Я присвистнула. Экий талант проглядели. Да и кому было обратить внимание?
— Вот что, Эммарковна, — подал голос Миша, — давай-ка проработаем этот вариант прямо сейчас. Не выйдет — придется организовать тайную операцию на стороне.
Я шепотом поблагодарила мужа, что не назвал меня Мушкой, и принялась распоряжаться. С наркозом решили не заморачиваться. Клаус получил стакан спирта, после чего задремал и лишь пару раз застонал, когда Василиса прощупывала рану, а потом решительно взялась за щипцы.
— Ты ее чувствуешь? — спросила я.
— Не беспокойтесь, барыня, — резко сказала Василиса, — чего чувствовать… Смотрите!
Клаус вскрикнул, протрезвел, после чего уставился на окровавленный кусок свинца, слегка подрагивавший в щипцах.
— В кость не вошла, — тихо сказала Василиса, — легкий случай. Маленькая какая-то.
Миша объяснил, что это обычный револьверный калибр. Тем временем Василиса обработала и перевязала рану. Клауса решили оставить на пару дней, до выздоровления, и лишь тогда депортировать.
* * *
— Ты что написала в опохмельном письме Пичугину? — спросил Миша.
— Дальше сотрудничаем на двух условиях. Первое: никаких запоев («условие на два года», — заметил Миша), второе: как протрезвеет — берет Василису в ученицы-ассистентки. Выяснит, чего ей не хватает, может, даже организуем тайные анатомические занятия в прозекторской Академии. И будем растить первую в России женщину-хирурга.
— Проще вырастить двадцать таких женщин, чем дипломировать хоть одну, — не без грусти ответил супруг. — Мушка, ты здесь почти десять лет, а силу психологической инерции не представляешь.
У меня возникло одно соображение, как продвинуть женскую хирургию именно в России.

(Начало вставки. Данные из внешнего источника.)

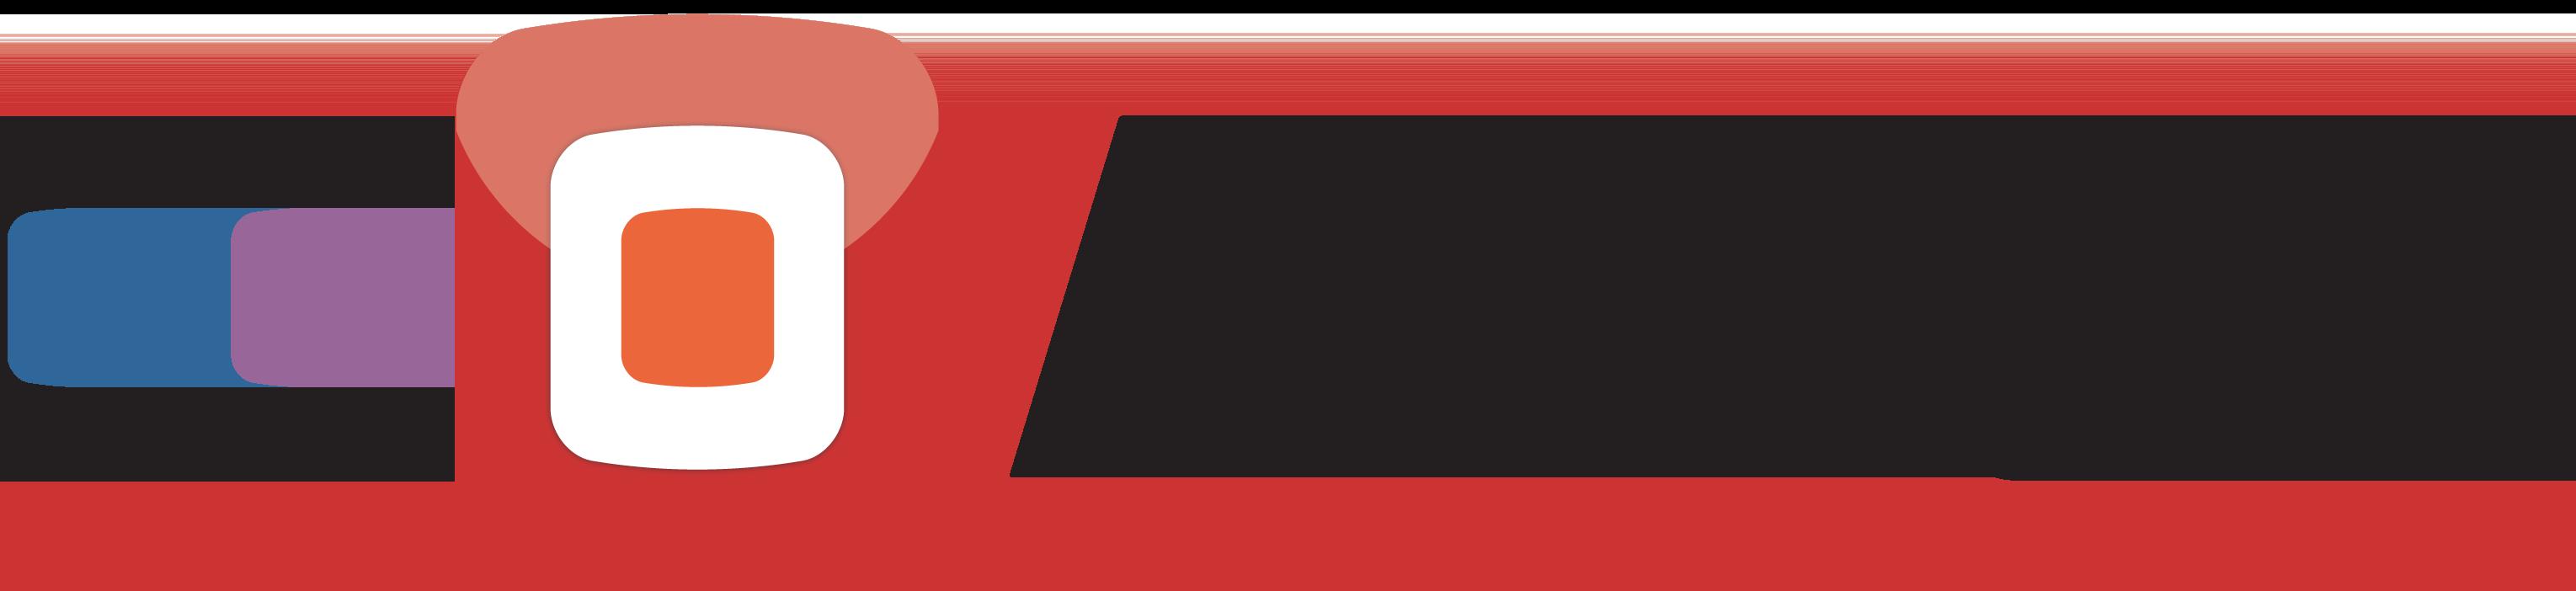 AirKast logo

Но спорить пока не хотелось.
Уже рассветало. Мы попросили утомленного капитана попытаться пройти по Мойке, поближе к МВД, — Миша собирался проверить, как выполняются его поручения.

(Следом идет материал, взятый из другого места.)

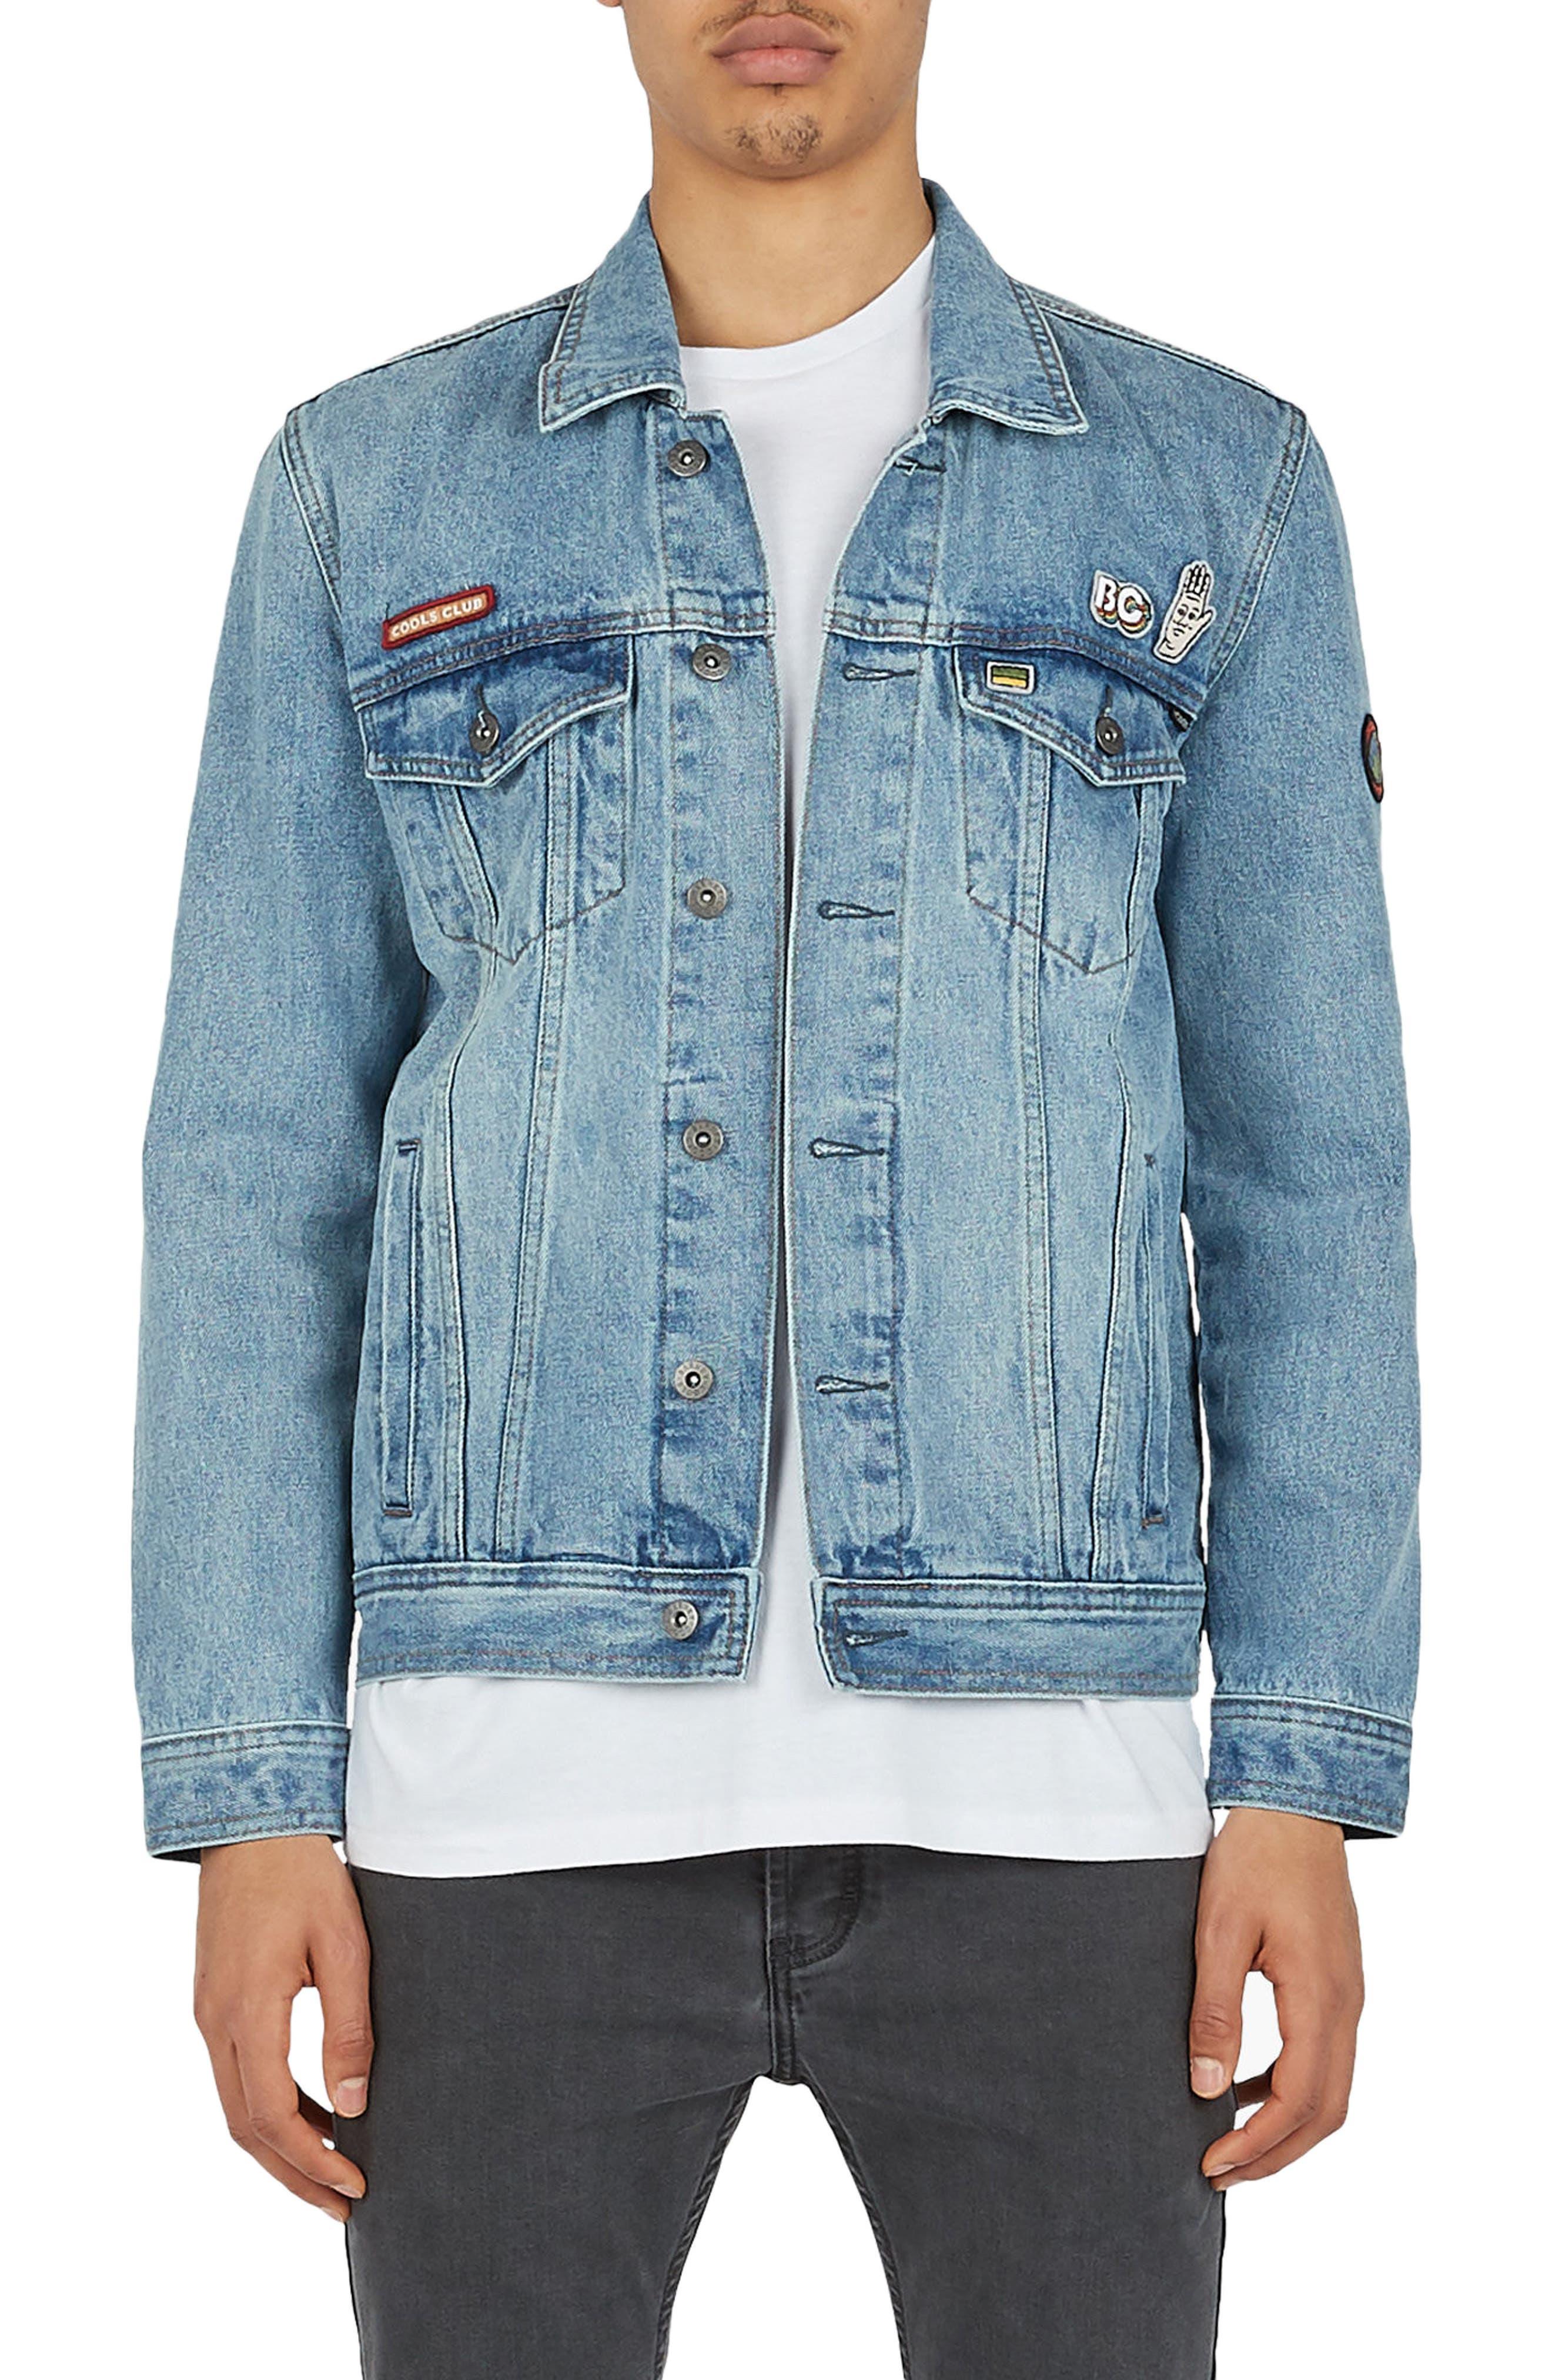 B. Rigid Denim Jacket,                             Main thumbnail 1, color,                             425

— Узна-а-ать и спа-а-ать, — устало сказала я. — А это что?
— Михаил Федорович, — донесся радостный вопль с берега, — злодея для вас поймали!
Проверить и сразу отправиться спать не удалось — Миша задержался в управлении до вечера, так что возвращаться мне пришлось одной. Зато в самом наилучшем расположении духа.
«Злодеем» оказался Антоша Михайлов, задержанный по Мишиной ориентировке на Сенной. Полицейский получил обещанную мзду, только когда муж убедился, что наш ученик, и, кстати, его постоянный партнер по единоборствам, доставлен без повреждений.
— Он-то без повреждений, — загадочно заметил нижний чин. — Ладно, прощелыгам урок нужен.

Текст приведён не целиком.